14. Hikayat perang Pandawa jaya: most complete Malay composition based on the motifs from Mahabharata; possibly the best version; its second section Hikayat Pandawa jaya has incomparable beatuy of exquisite descriptions that remained unsurpassed in traditional Malay literature

15. Hikayat Sang Boma: no less popular than the story of the victorious Pandawa

22. Hikayat Cekel Waneng Pati: most popular Malay Panji tale; one of the most popular traditional Malay works; one of the most interesting Malay compositions and has influenced almost every literary production in Malay

26. Hikayat Panji Kuda Semirang: most complete and artistically impressive Panji romance of the "second type" (where hero always appeared in the story in a high social role, as opposed to the "first type" where the hero would have a lengthy period disguised as a personality from a low social class)

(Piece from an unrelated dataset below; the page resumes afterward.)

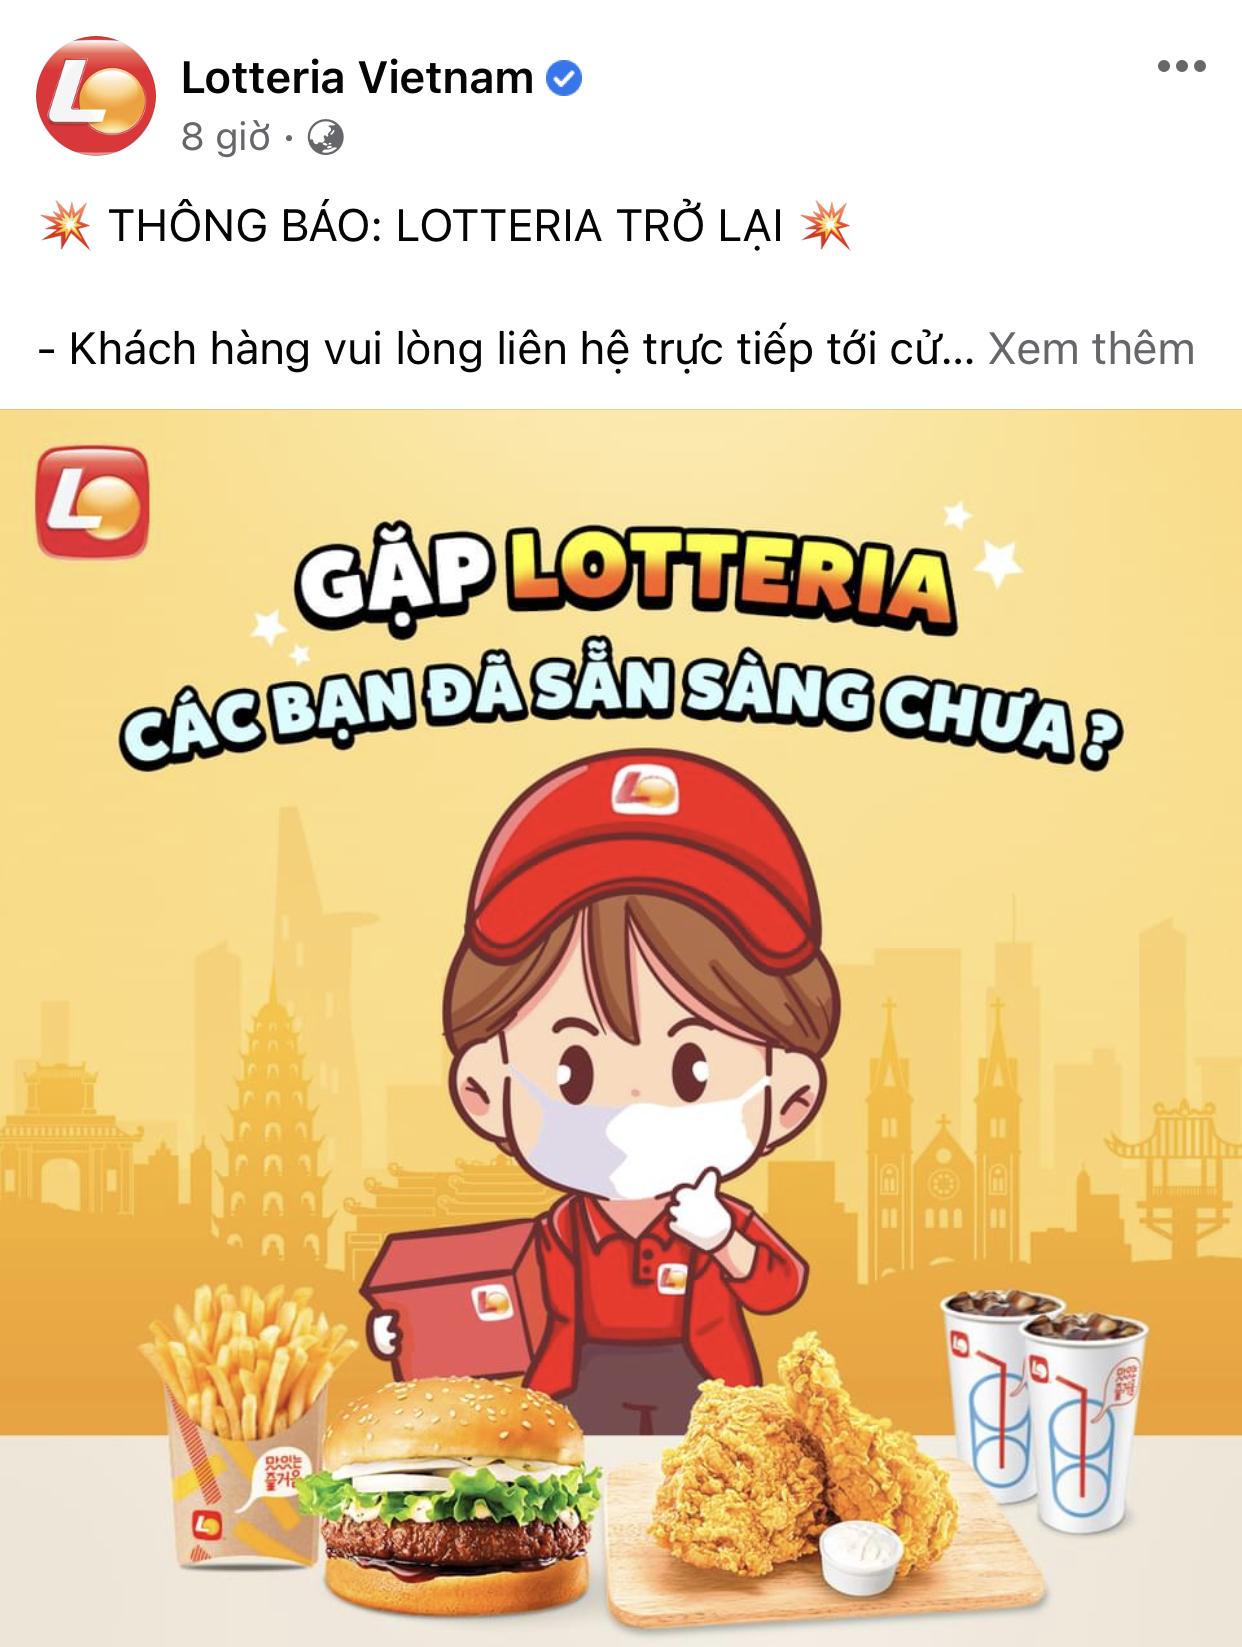 HOT: 10 hãng thức ăn nhanh đình đám nhất Việt Nam thông báo thời gian mở cửa trở lại, Sài Gòn có 2 nơi duy nhất comeback - Ảnh 10.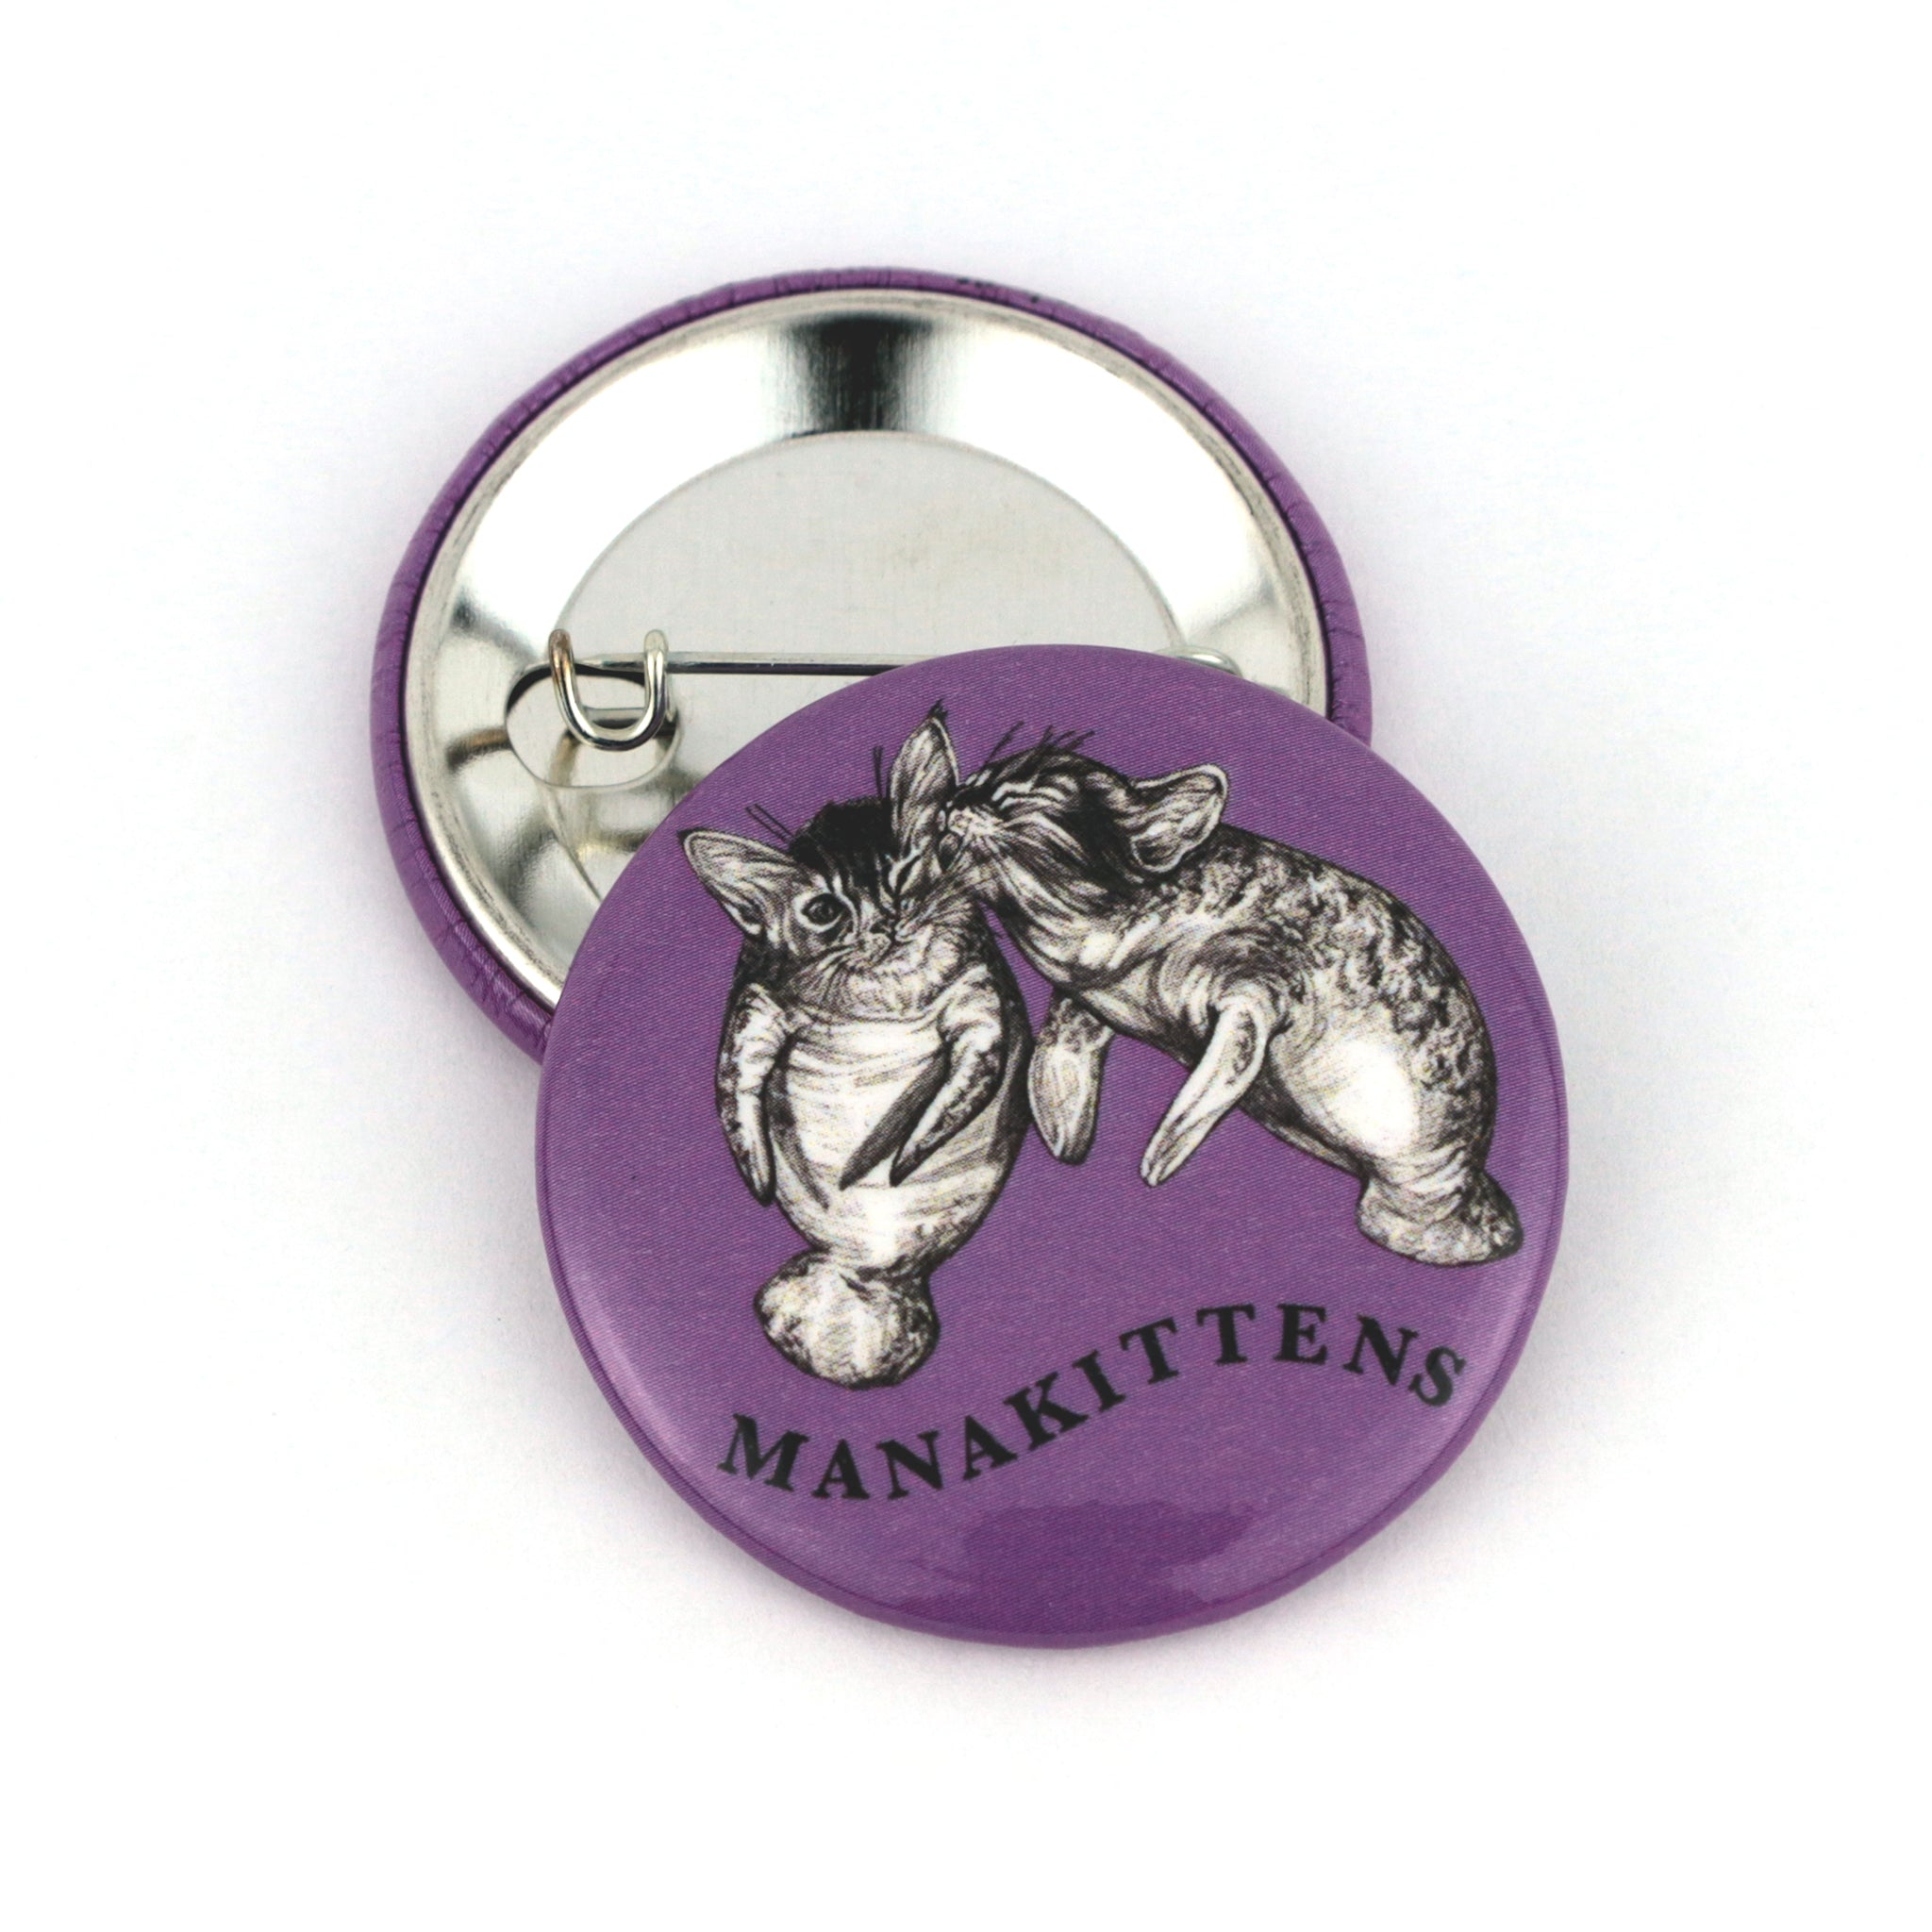 Manakittens | Manatee + Kitten Hybrid Animal | 1.5" Pinback Button

33. Sejarah Melayu: the most important local chronicle; marks the end of early Islamic period; outstanding role in Malay literature similar to Malacca in Malay history; anonymous author was an erudite historiography, talented writer with simple, lucid and clear style, recognized as exemplary for Malay court prose, with descriptive skill unsurpassed in Malay literature

 

(If we add to the above list of 9 works with 12. Hikayat Iskandar Zulkarnain with 17 extant manuscripts, this would become a "Top 10 list of early Malay literature.")

 

From what I can gather, in the modern times there clearly are some problems in deciding on what the most canonical Malay literary works are. In a literary tradition, usually the foundational texts have disproportionate standing and influence. However, in the modern times when "innovation" is considered important, and where nationalistic sentiments are strong, it is hard to recognize the Panji romances, Ramayana or Mahabharata tales, or translated Islamic works of Arabic or Persian origin to be core foundational texts. As such, the title of the most canonical text fell onto Sejarah Melayu, which is "romantic" for European orientalist scholars in the sense that the main story describes how Malacca rose and ultimately fell to the Portguese in 1511. Though from the number of MSs extant, it was probably not a work with as wide readership or circulation as say Hikayat Muhammand Hanafiyah or Hikayat Cekel Waneng Pati.